Darryl Lewis
About Darryl Lewis
Independent Class II director of N‑able (NABL) since July 16, 2021; age 59. He serves as Chair of the Board’s Cybersecurity Committee and as a member of the Audit Committee, bringing deep software and cybersecurity operating experience from roles at Banneker Partners, Vista Equity Partners, STATS, and Microsoft. Education: B.S. in Computer Science, University of Wisconsin. The Board has determined Mr. Lewis is an independent director under NYSE standards.
Past Roles
| Organization | Role | Tenure | Committees/Impact |
|---|---|---|---|
| STATS (Vista Equity Partners portfolio co.) | Chief Technology Officer | Jun 2015 – Jun 2017 | Led technology at a data/analytics firm |
| Vista Equity Partners | Managing Director, Product & Technology | Jun 2013 – Jun 2015 | Led technology due diligence and portfolio-wide value creation across Vista portfolio |
| Microsoft Corporation | Various management positions across multiple products/divisions | Not disclosed (earlier in career) | Senior product/division management roles |
External Roles
| Organization | Role | Tenure | Notes |
|---|---|---|---|
| Banneker Partners (private equity) | Operating Partner | Mar 2019 – Present | Software investor/operator role |
Board Governance
- Committee assignments: Audit Committee (member); Cybersecurity Committee (Chair). The cybersecurity committee oversees enterprise cyber risk, product/data security, incident response, compliance with data-security laws, and cyber program resources/training. Audit oversees internal controls, risk assessment, related‑party reviews, and external auditor matters.
- Independence: Board determined Mr. Lewis is independent; all directors other than the CEO were deemed independent.

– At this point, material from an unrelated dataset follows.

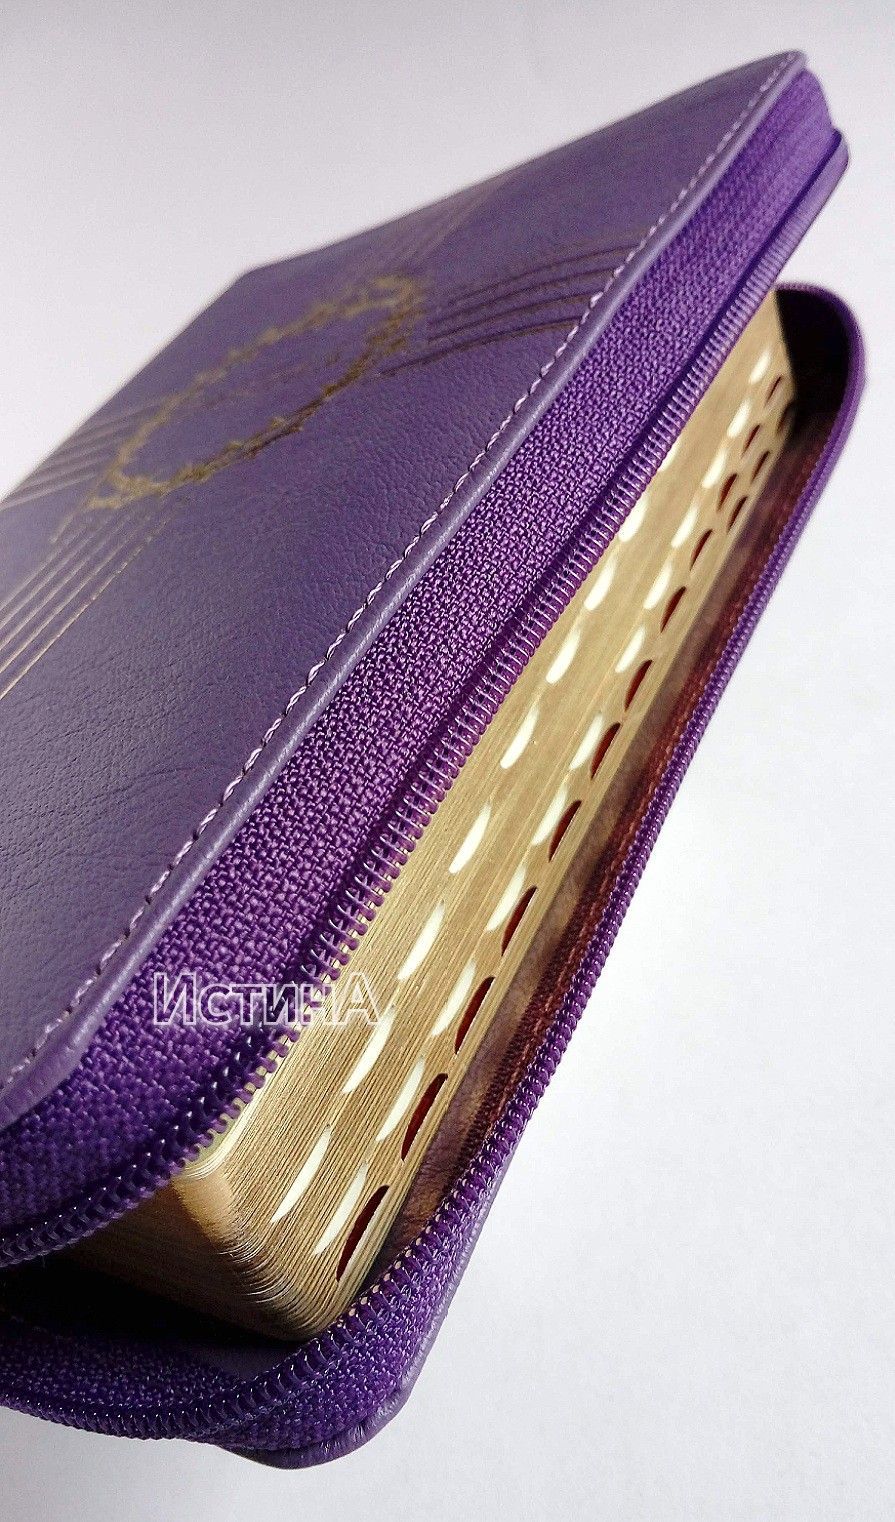 БИБЛИЯ 047zti кожаный переплет с молнией и индексами,  золотой крест и терновый венец, цвет фиолетовый,средний формат, 120*165 мм, код 1122

- Attendance and engagement: In 2024 the Board held 7 meetings; Audit 4; Cybersecurity 4. Each current director attended at least 75% of aggregate Board/committee meetings during their service. All current directors attended the 2024 annual meeting.
- Class/tenure: Class II director; current term expires at the 2026 annual meeting. Director since July 16, 2021.
Fixed Compensation
Director compensation structure (cash retainers):
| Retainer Type | Member | Chair |
|---|---|---|
| Annual Board retainer | $35,000 | $85,000 |
| Audit Committee | $10,000 | $20,000 |
| Compensation Committee | $6,000 | $12,000 |
| Nominating & Governance Committee | $4,000 | $8,000 |
| Cybersecurity Committee | $4,000 | $8,000 |
| Awards prorated for partial years; expenses reimbursed. |
2024 director pay (as reported):
| Name | Fees Earned (Cash) | Stock Awards (RSUs, grant-date fair value) | Total |
|---|---|---|---|
| Darryl Lewis | $53,000 | $179,997 | $232,997 |
Notes: Mr. Lewis’s 2024 cash aligns with policy: Board member ($35,000) + Audit member ($10,000) + Cybersecurity chair ($8,000) = $53,000.
Performance Compensation
- Equity type/quantum for non‑employee directors: Annual RSU award sized at $180,000, vesting in full the day immediately before the next annual meeting; initial appointment RSU award $360,000 vesting over 3 years. Director equity vests in full upon a Change in Control. No option awards disclosed for directors.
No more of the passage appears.